### THE DATA
((

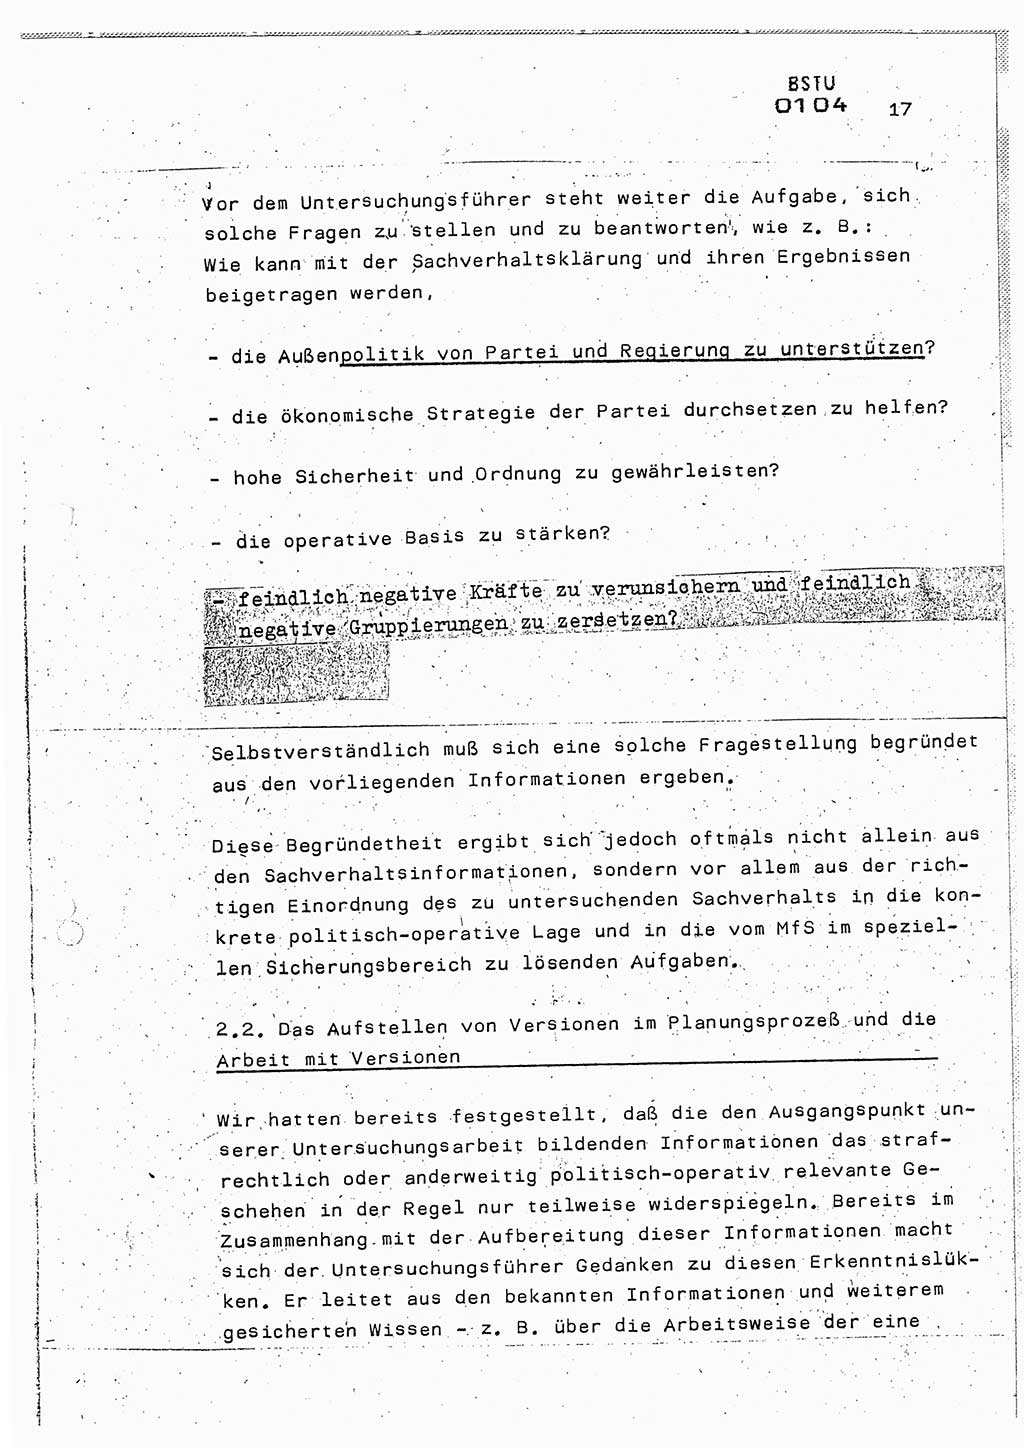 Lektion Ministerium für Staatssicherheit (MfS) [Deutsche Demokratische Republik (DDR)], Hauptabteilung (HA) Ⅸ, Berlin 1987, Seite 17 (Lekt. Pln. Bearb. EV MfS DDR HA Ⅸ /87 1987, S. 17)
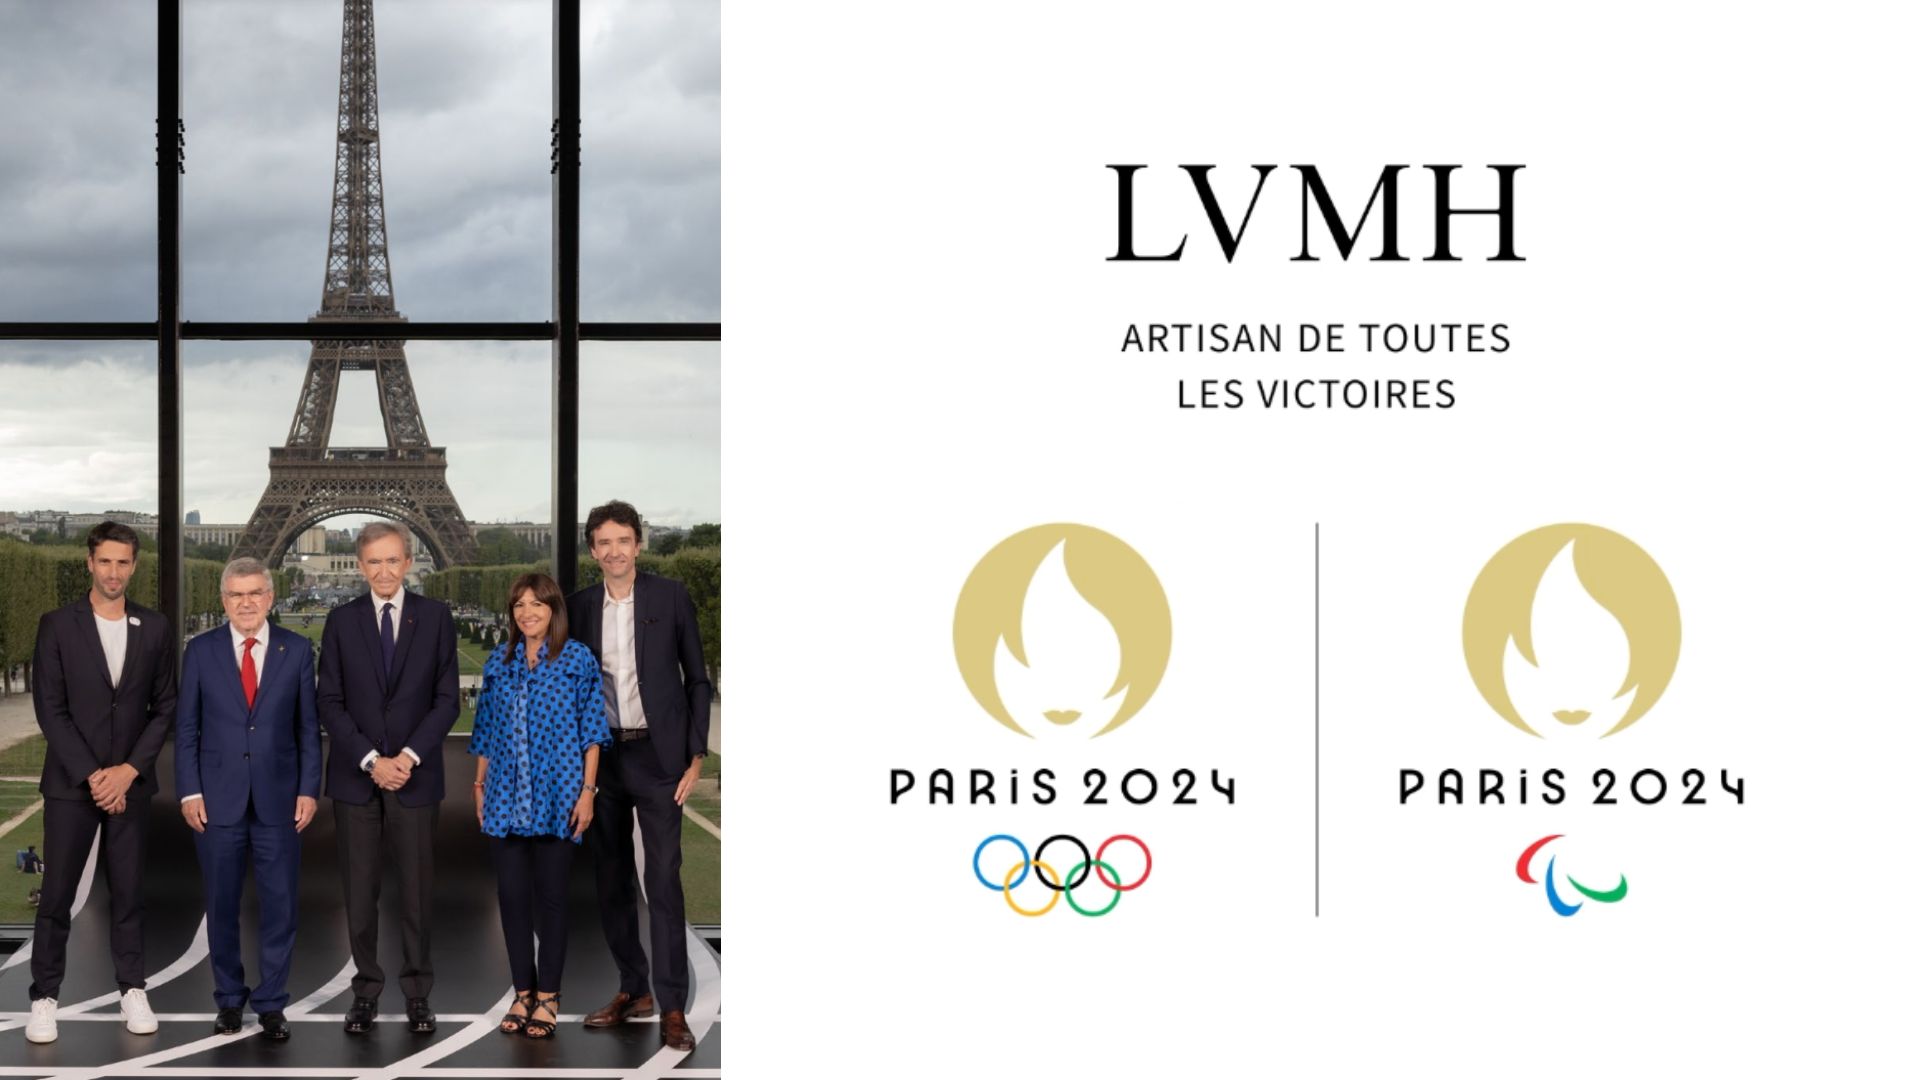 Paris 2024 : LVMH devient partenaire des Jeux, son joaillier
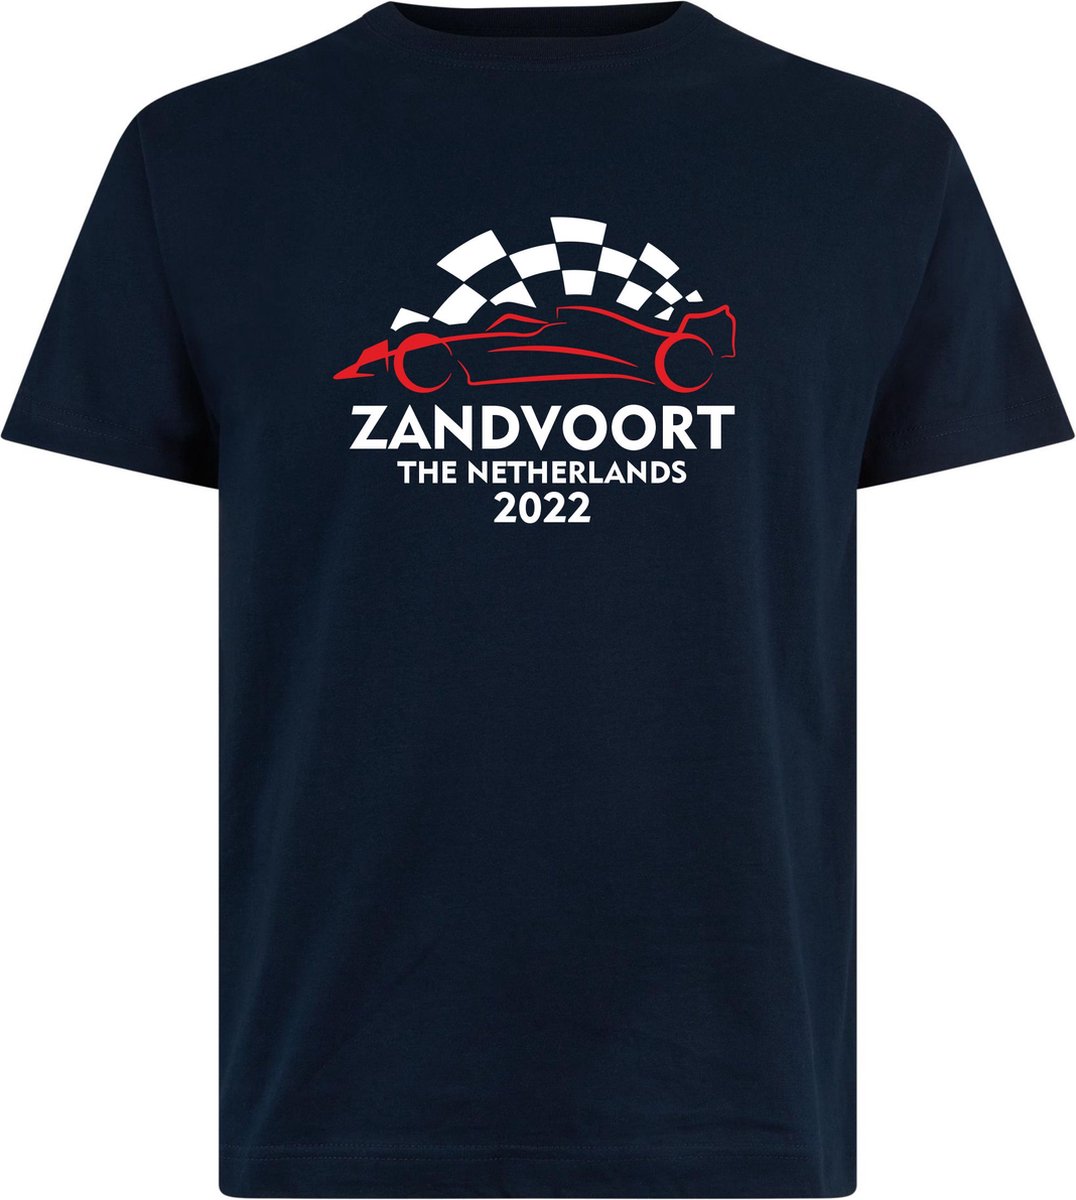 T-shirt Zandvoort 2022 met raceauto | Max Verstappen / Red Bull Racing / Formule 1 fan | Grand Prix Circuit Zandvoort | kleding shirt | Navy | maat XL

))

### AIM OF THE EXERCISE
Leave the pictures out and print the whole listing precisely.

### PROBLEM SOLUTION
 Lektion Ministerium für Staatssicherheit (MfS) [Deutsche Demokratische Republik (DDR)], Hauptabteilung (HA) Ⅸ, Berlin 1987, Seite 17 (Lekt. Pln. Bearb. EV MfS DDR HA Ⅸ /87 1987, S. 17)
 Paris 2024 : LVMH devient partenaire des Jeux, son joaillier
 T-shirt Zandvoort 2022 met raceauto | Max Verstappen / Red Bull Racing / Formule 1 fan | Grand Prix Circuit Zandvoort | kleding shirt | Navy | maat XL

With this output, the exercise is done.